Matt_LRR said:
Cause, no. Contribute? Yes.
At the bare minimum, the frequent, repeated acts of violence in videogames have a desensitization effect, which leads to a reduction in our ability to feel empathy and which makes us more tolerant of images of extreme violence. That said, the effect is, as far as I am concerned, not significantly more pronounced that that of any other form of visual media.
There's evidence to suggest that there is some increase in aggression in people, particularly kids, after playing violent videogames, but there's also evidence to suggest that that influence is easily countered.

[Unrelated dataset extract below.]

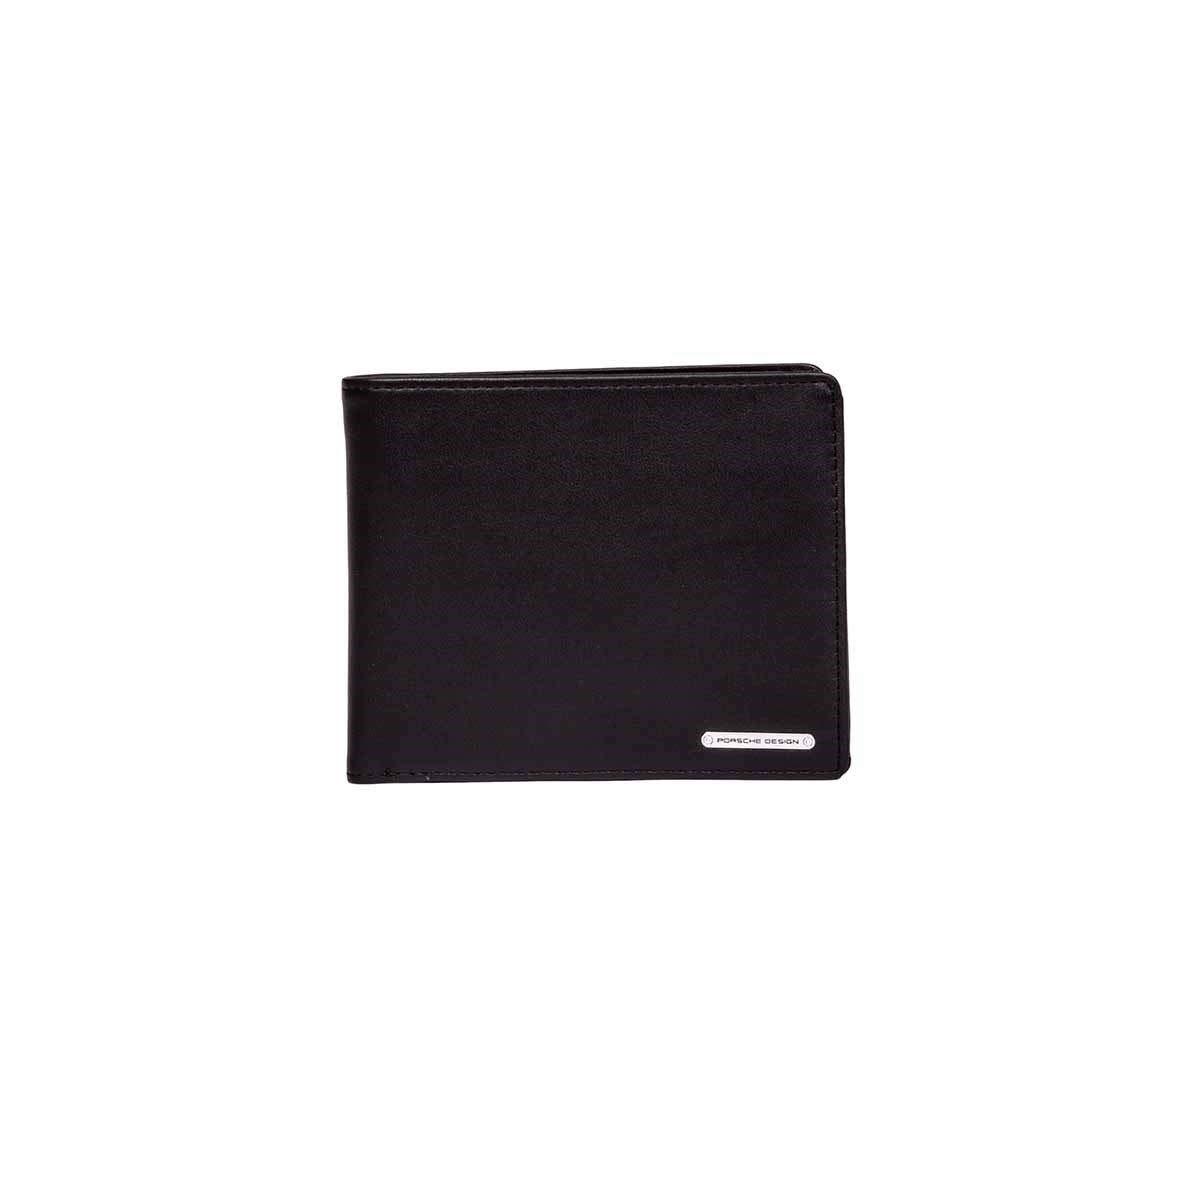 Porsche Design Women's 4090000214900 Black Leather Wallet

AT WORST, videogames serve as a model for already violent or unstable people to base their violence on, and as a reinforcer of aggressive tendencies. No normal person is going to be made to commit an act of criminal violence as a direct result of playing videogames.
-m
Have to dissagree with you slightly there, almost all of the evidence supporting an increase in aggression following a session of exposure to violent gaming content is at best speculative and more often entirely circumstancial (the bobo test), most of the methods used to test this theory on children were incredibly biased, or at least the studies ive read were.
Violence in video games, as in films, books, comics, on the news or any media format can and will be used as a model for people who are already commited to performing an act of violence but that in no way substantiates the argument that said media is providing motivation and or justification for violence, aka turning otherwise non-violent people into raving sociopaths with the complete lack of empathy that entails.

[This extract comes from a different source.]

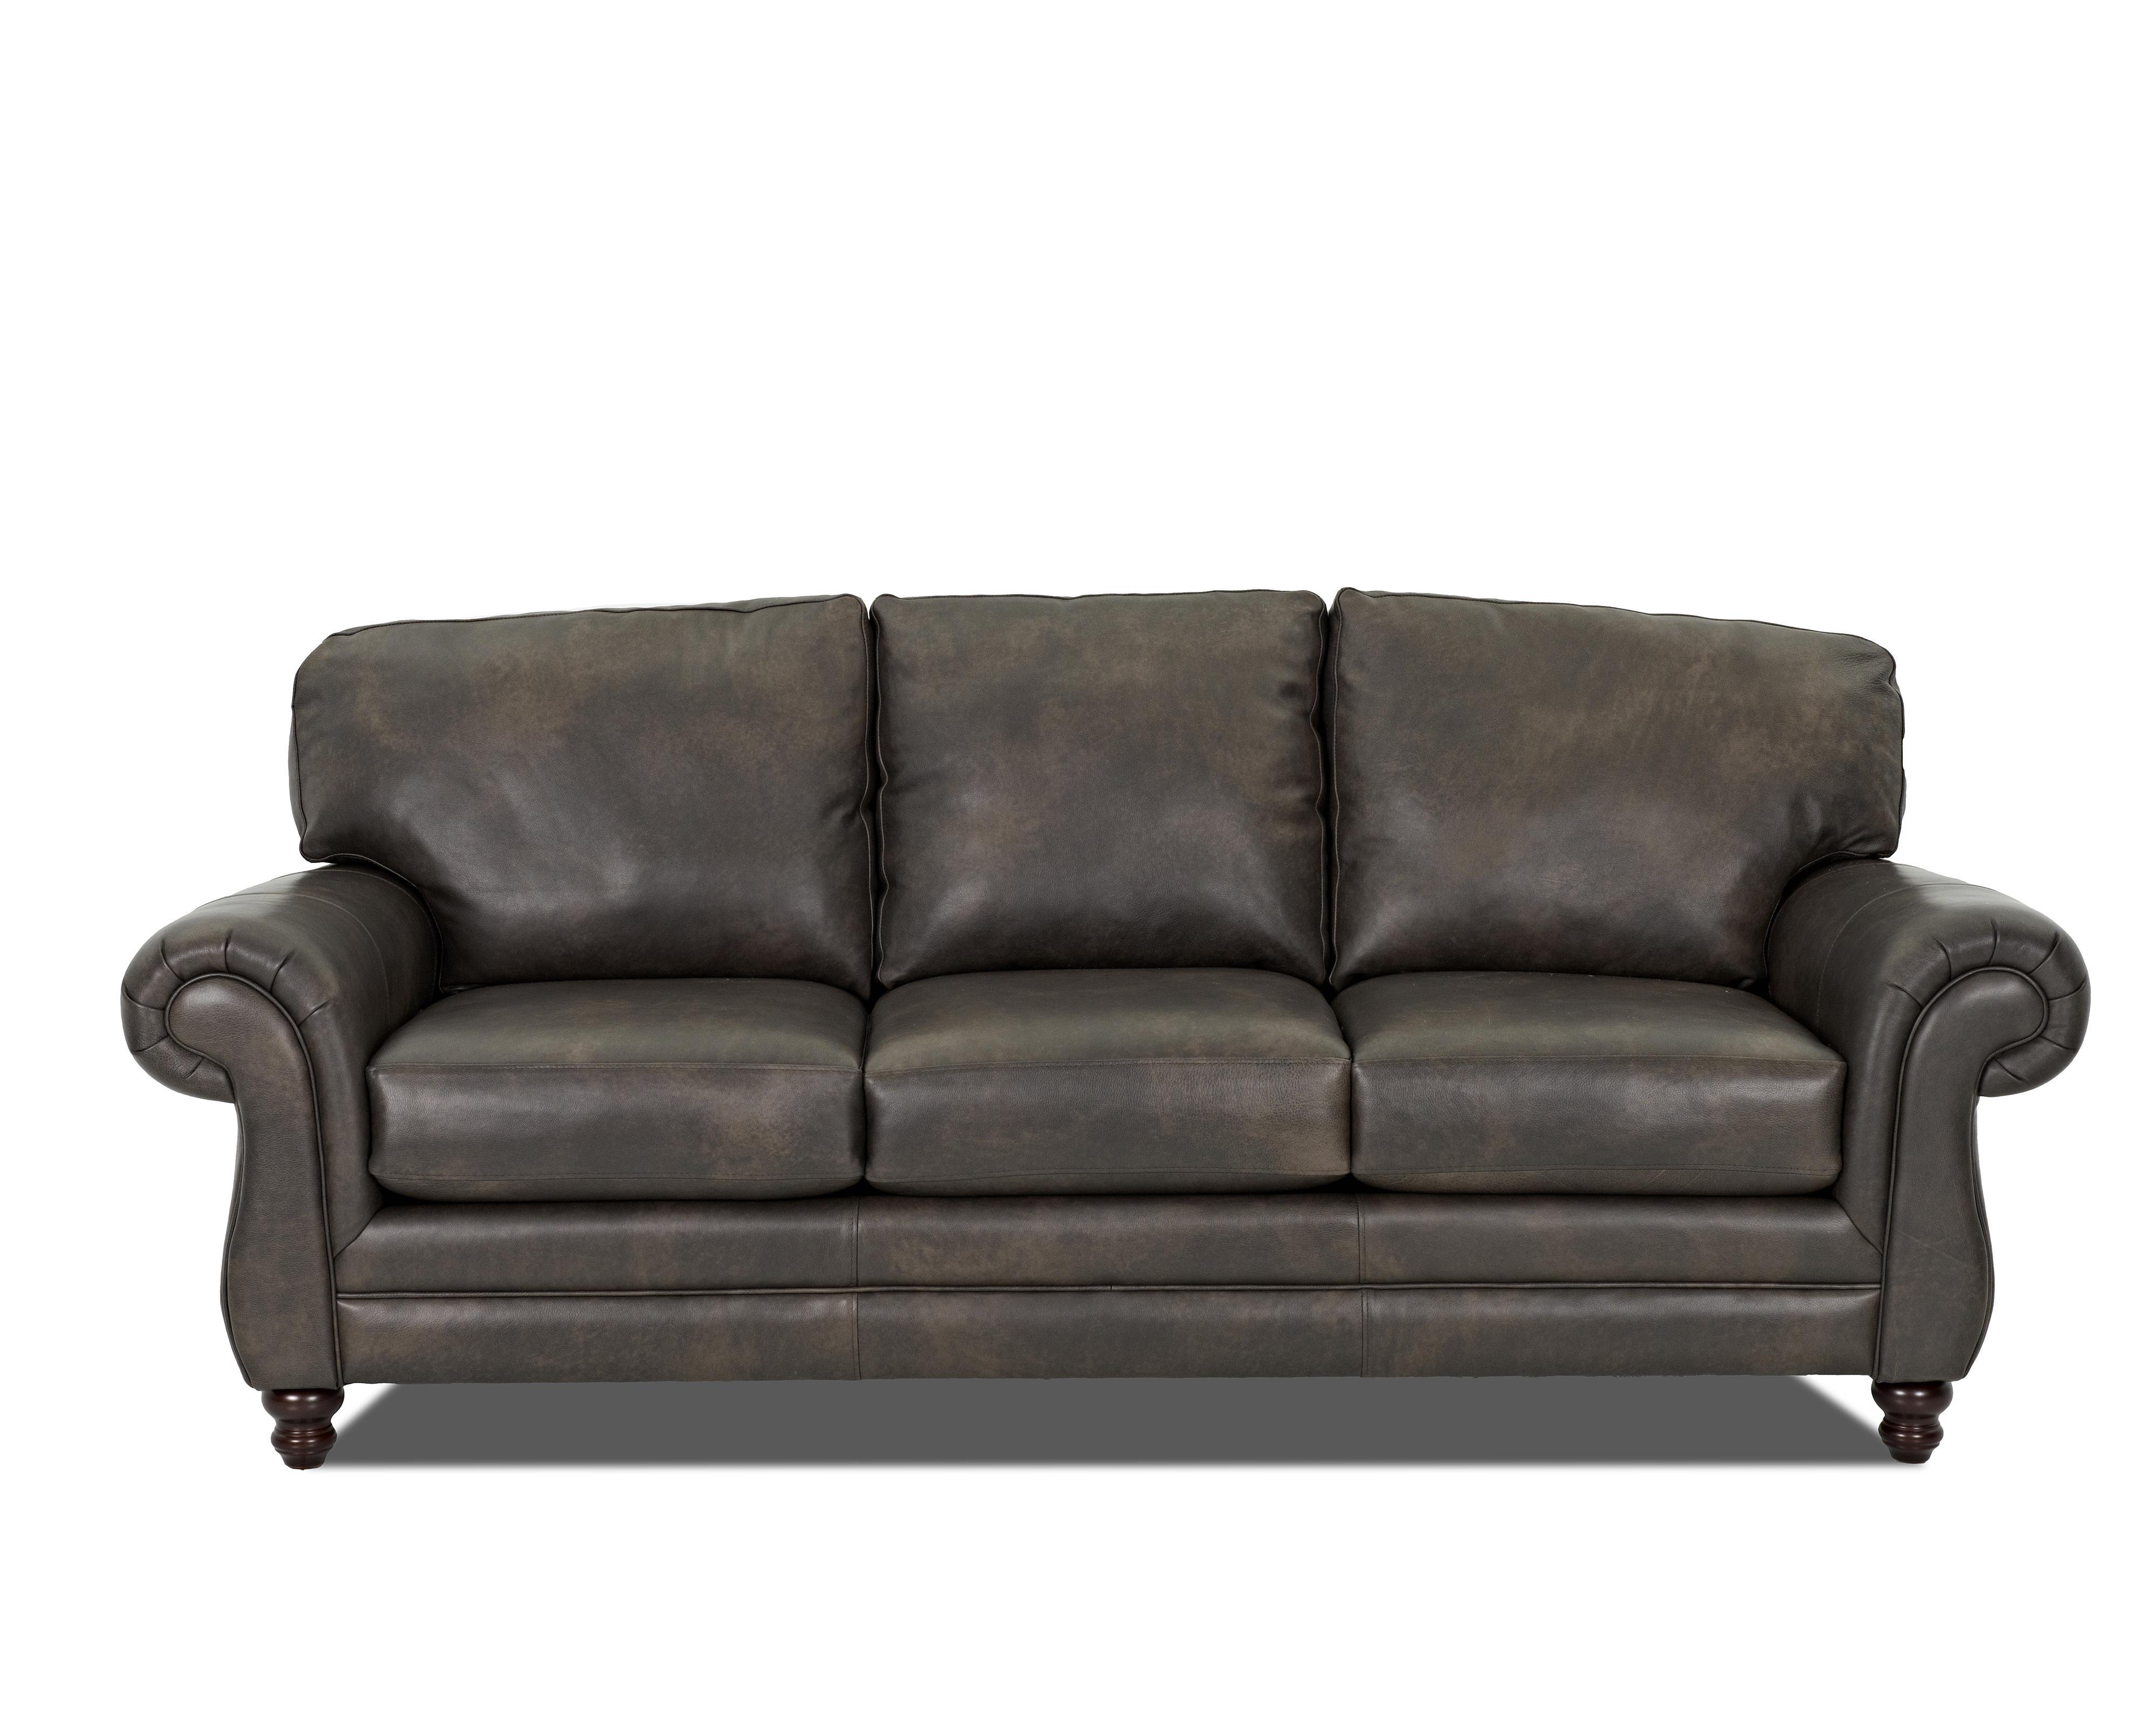 28 klaussner leather sofa klaussner valiant leather sofa wi

The key issue in this as in all arguments against explicit media is the context in which said media is viewed. I think its not the violence itself that is a factor, it is the moral justification (or lack of it) for said violence that is offered by the game's story, ie violence for violence's sake with no justification. even in some of the most ultra-violent games there is still a clear definition of right and wrong whithin the story. And even without that definition it would again take a complete sociopath devoid of any moral compass to take that as promotion of violent acts. The only exeption would be very young children who are not fully aware of right and wrong, and in that instance any ill action would be a direct product of poor parenting.
On the desensitization issue, i dont see how exposure to game violence makes you less empathic to others at all, i do believe it gradually removes any shock/fear/disgust that you are instinctively compelled to feel when exposed to such violence but that is a mere physical response to visual stimuli. empathy is a complex emotional connection, the ability to view things from the perpective of others, you are born with it and it is reinforced on you from the early stages of infancy and onwards. It is not something that can be watered down by anything short of intense psychological trauma or brain damage. Those cases aside people with no empathy were like that from birth and no video game "made" them do anything.
If anything, i think age restrictions on games should be better judged and better enforced. Banning violent content alltogether will achieve nothing. games dont kill people, people do.